The Omicron variant was first reported in the Guateng province of South Africa on 23 November, 2021, although new findings suggest that it had already been in Europe at least one week before being detected on the African continent.

In South Africa Omicron infections are growing exponentially, doubling every few days, and the variant has been identified in over 40 other countries, including the United States, several Europe countries, Australia, and parts of Middle East and the Asian-Pacific region.

Due to its large number of new mutations, which suggest that it may be more contagious and able to evade immunity offered by prior infection or vaccination, this variant has sparked fears all over the globe, seeding strong feelings of uncertainty in billions and bringing financial markets down. 
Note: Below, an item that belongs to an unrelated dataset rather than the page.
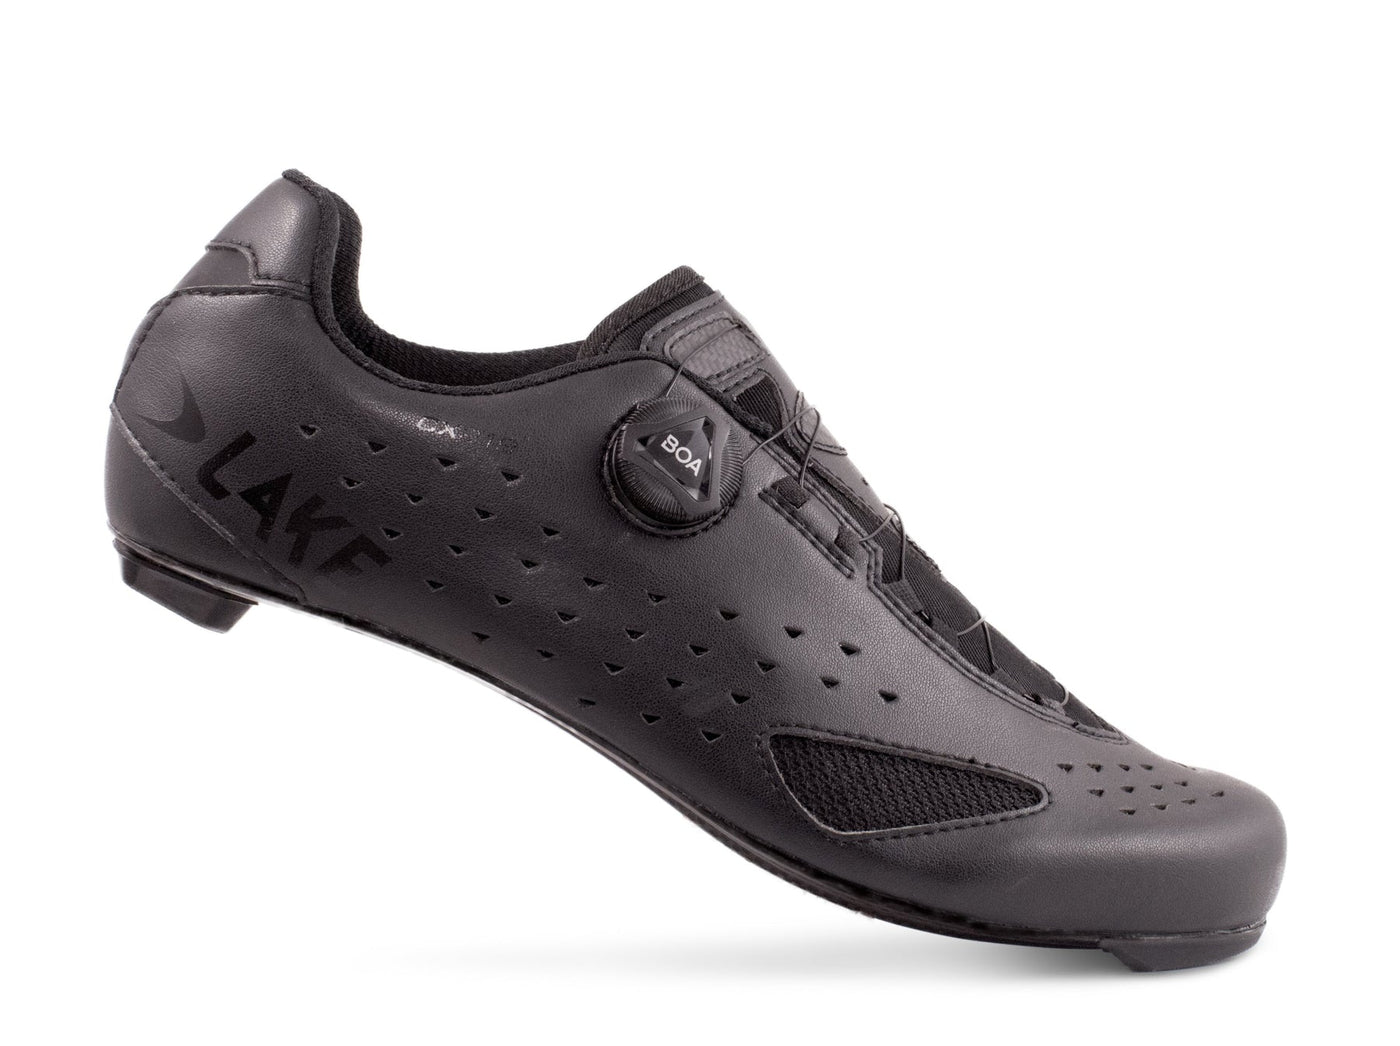 Lake CX219 Road Cycling Shoes (Black)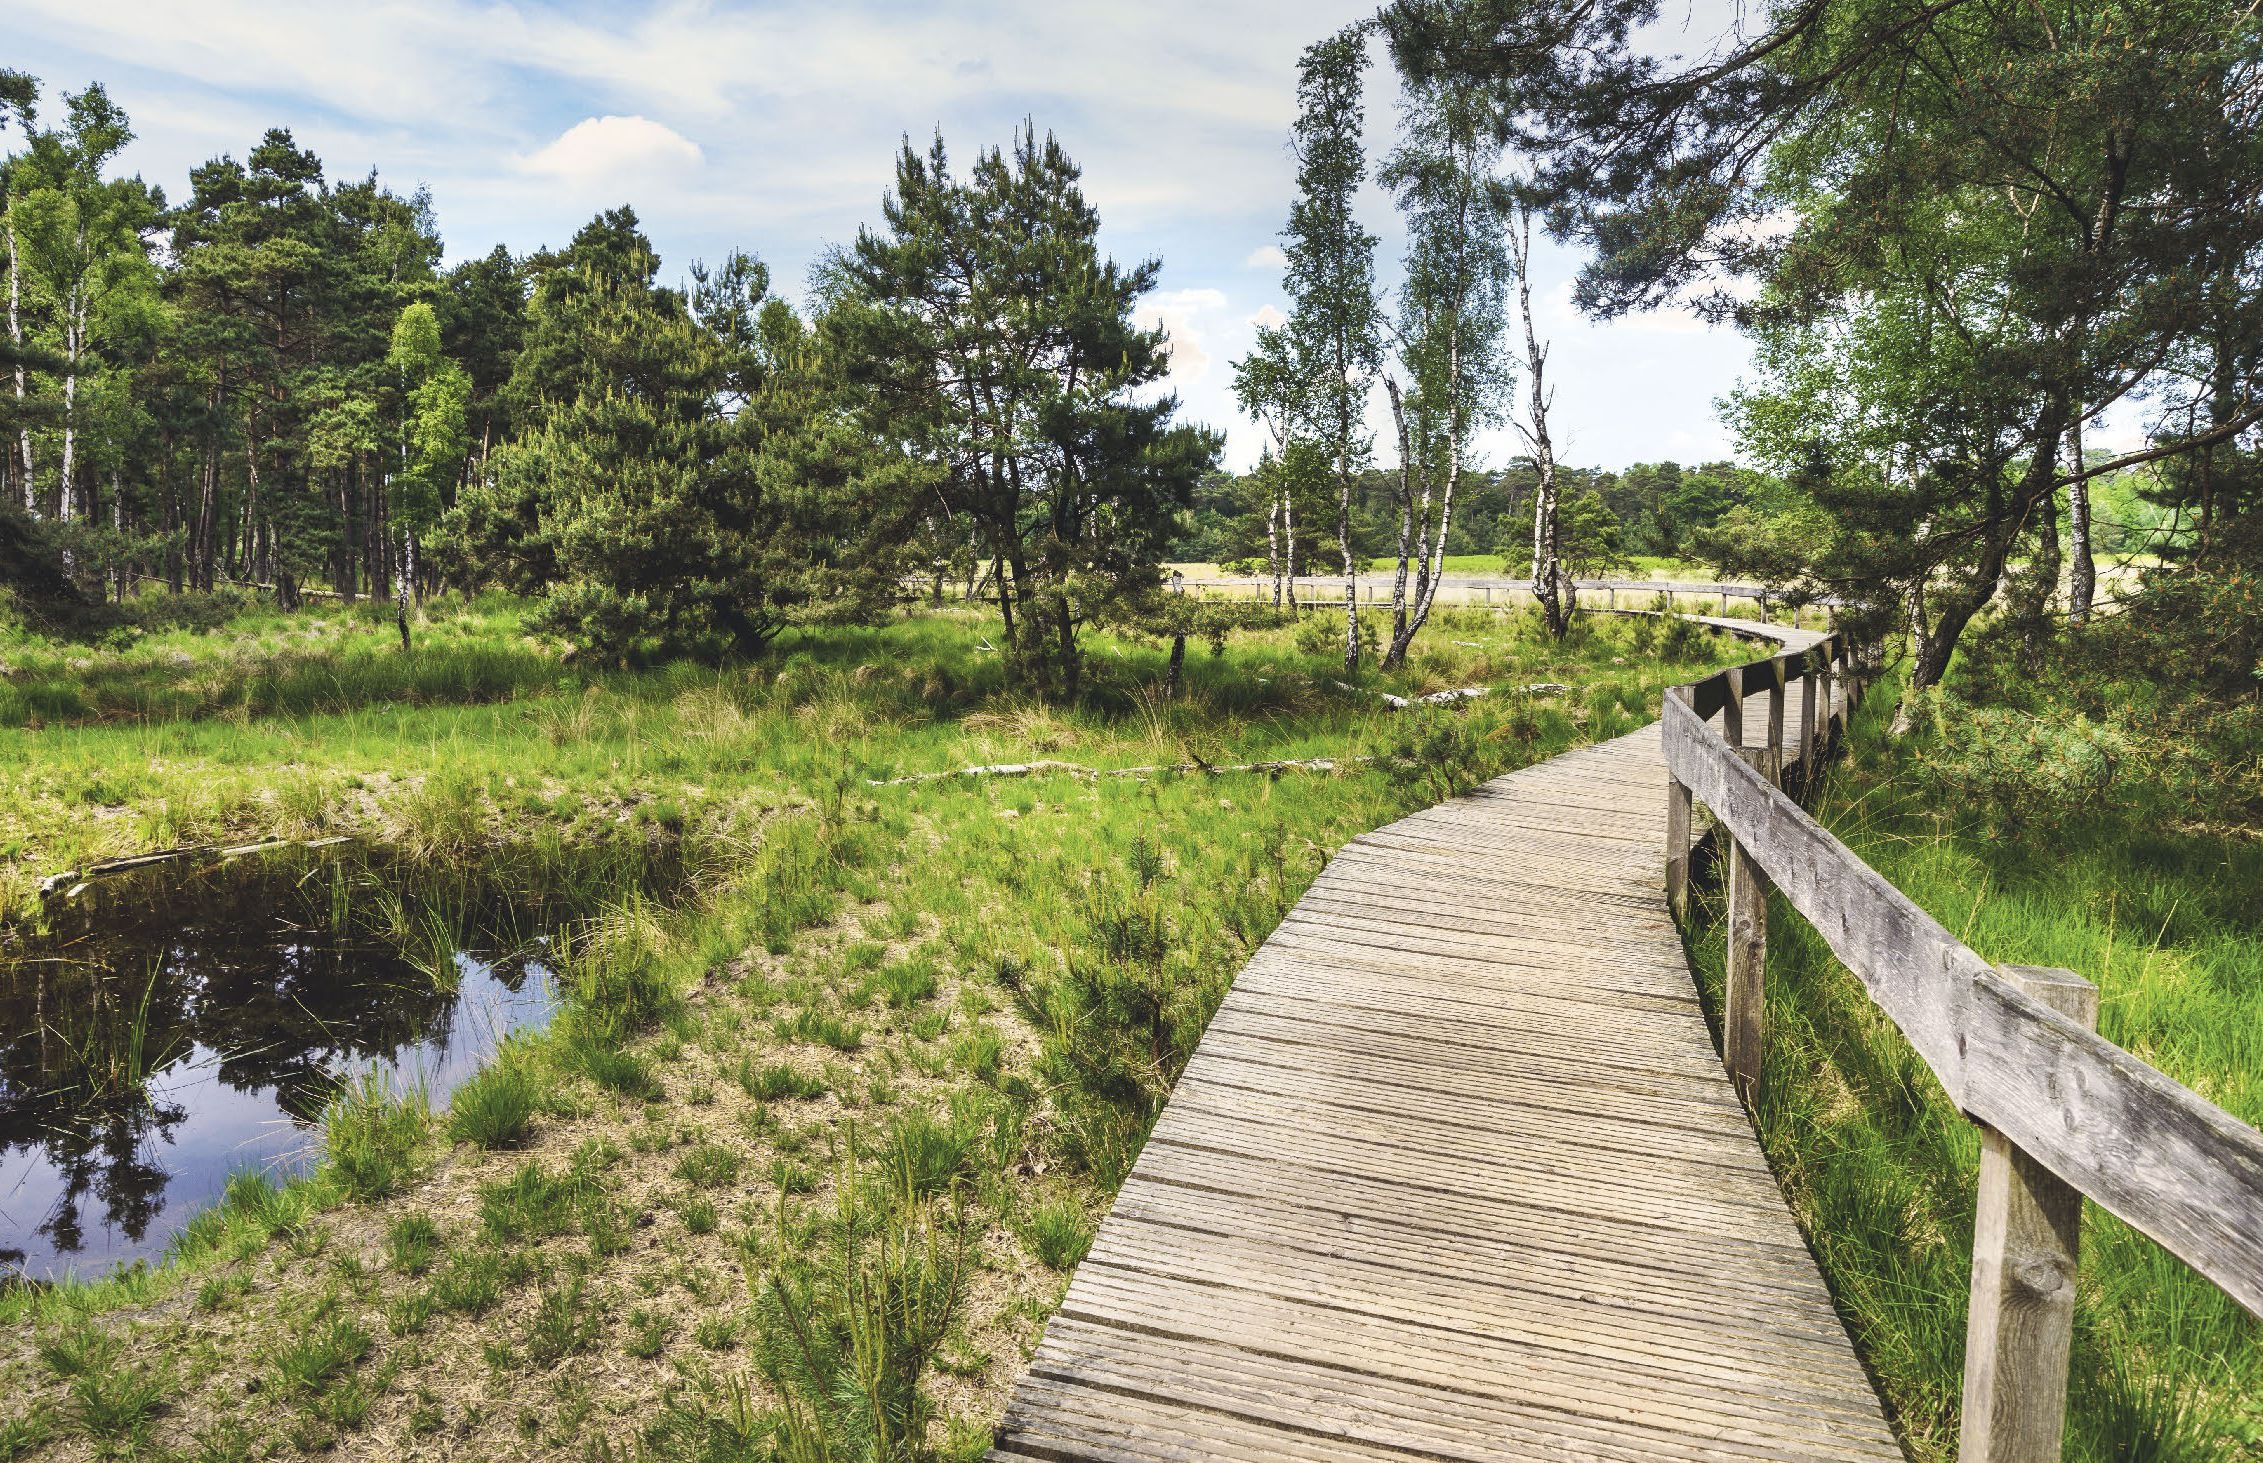 Das Foto zeigt einen Holzsteg, der durch grüne Natur führt.

While Omicron’s degree of contagiousness is not yet clear, scientists estimate that, at least in South Africa, it is spreading more than twice as quickly as the Delta variant, already surpassing it as the dominant variant. 

Moreover, a recent study that is not yet peer-reviewed has found that Omicron is capable of dodging immunity gained from previous infections. “These findings suggest that Omicron’s selection advantage is at least partially driven by an increased ability to infect previously infected individuals,” explained study lead author Juliet Pulliam, an expert in infectious diseases from Stellenbosch University

While the variant’s ability to evade immune protection gained from vaccination is not yet clear, Moderna’s CEO Stéphane Bancel declared earlier this week that existing vaccines will probably not be as effective against Omicron as in the case of previous variants. “I think it’s going to be a material drop. I just don’t know how much because we need to wait for the data. But all the scientists I’ve talked to are like, ‘This is not going to be good,’” Bancel said. Currently, both Moderna and Pfizer are analyzing in more depth the situation and have already started tweaking their vaccines to target this variant, in case this will be necessary. 

However, it is still unclear whether Omicron causes milder or more severe disease than previous strains, as well as how the severity of the disease may be influenced by prior natural or vaccine-induced immunity. 

According to a new pre-print study, this variant may have acquired parts of its genetic material from a common cold coronavirus. If this is the case, there are some reasons for optimism: regardless of its high transmissibility and capacity of evading previously acquired immunity, Omicron’s symptoms may in fact be milder that those of prior strains. Although, until now, real-world data regarding the severity of identified Omicron cases does seem to point in this optimistic direction, more time and research are needed to provide a definitive answer.